ABSTRACT HIV efficiently spreads in lymphocytes, likely through virological synapses (VSs). These cell-cell junctions share some characteristics with immunological synapses, but cellular proteins required for their constitution remain poorly characterized. We have examined here the role of ZAP-70, a key kinase regulating T-cell activation and immunological synapse formation, in HIV replication.
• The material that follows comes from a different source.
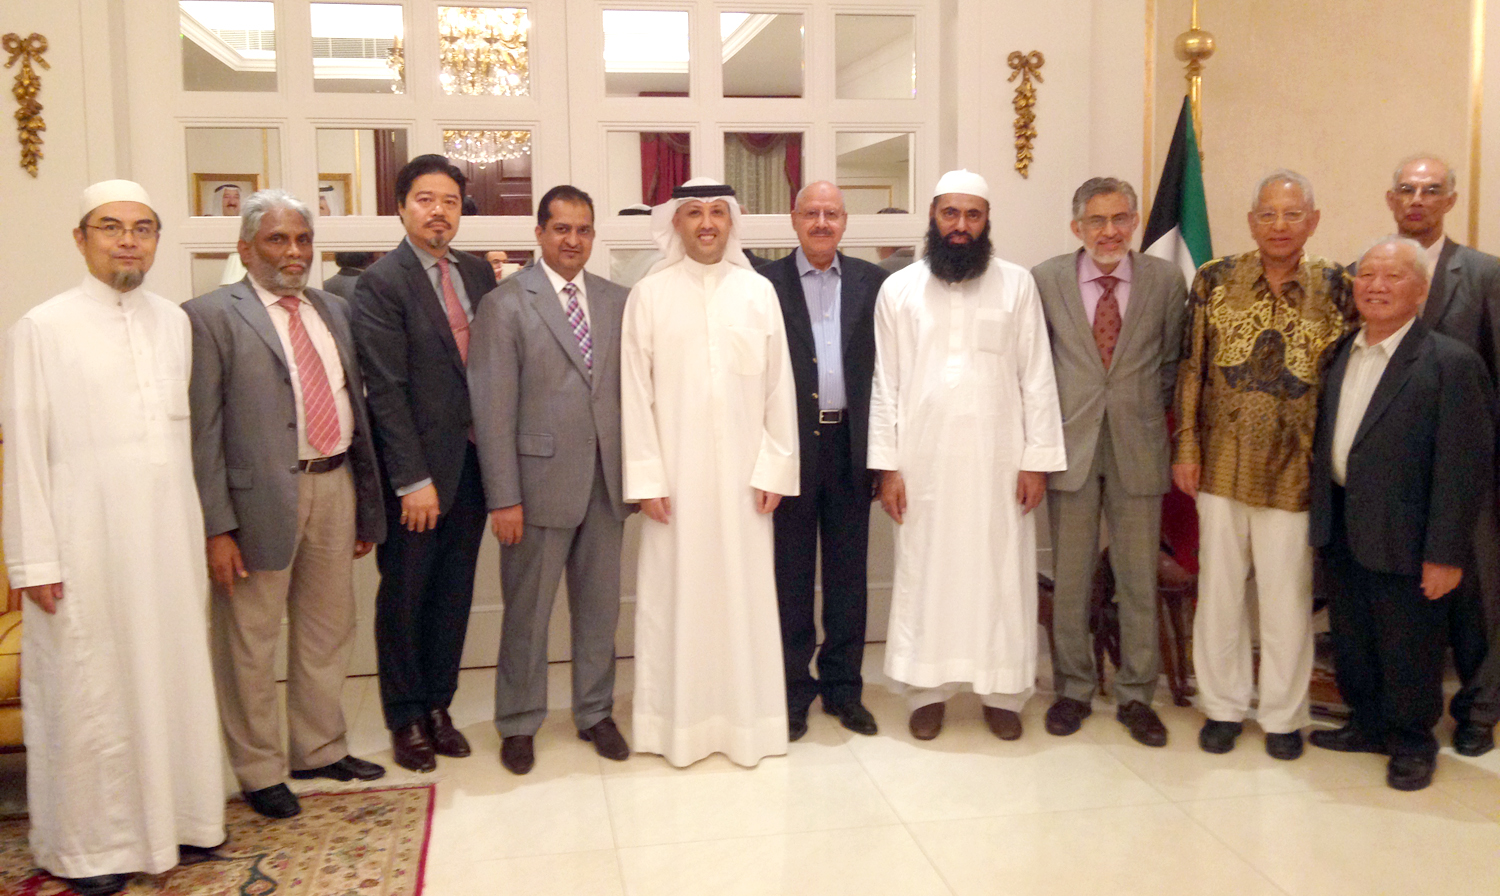 Kuwaiti consul discusses cooperation with Islamic centers in Hong Kong

In lymphocytes deficient for ZAP-70, or expressing a kinase-dead mutant of the protein, HIV replication was strikingly delayed. We have characterized further this replication defect. ZAP-70 was dispensable for the early steps of viral cycle, from entry to expression of viral proteins. However, in the absence of ZAP-70, intracellular Gag localization was impaired. ZAP-70 was required in infected donor cells for efficient cell-to-cell HIV transmission to recipients and for formation of VSs. These results bring novel insights into the links that exist between T-cell activation and HIV spread, and suggest that HIV usurps components of the immunological synapse machinery to ensure its own spread through cell-to-cell contacts.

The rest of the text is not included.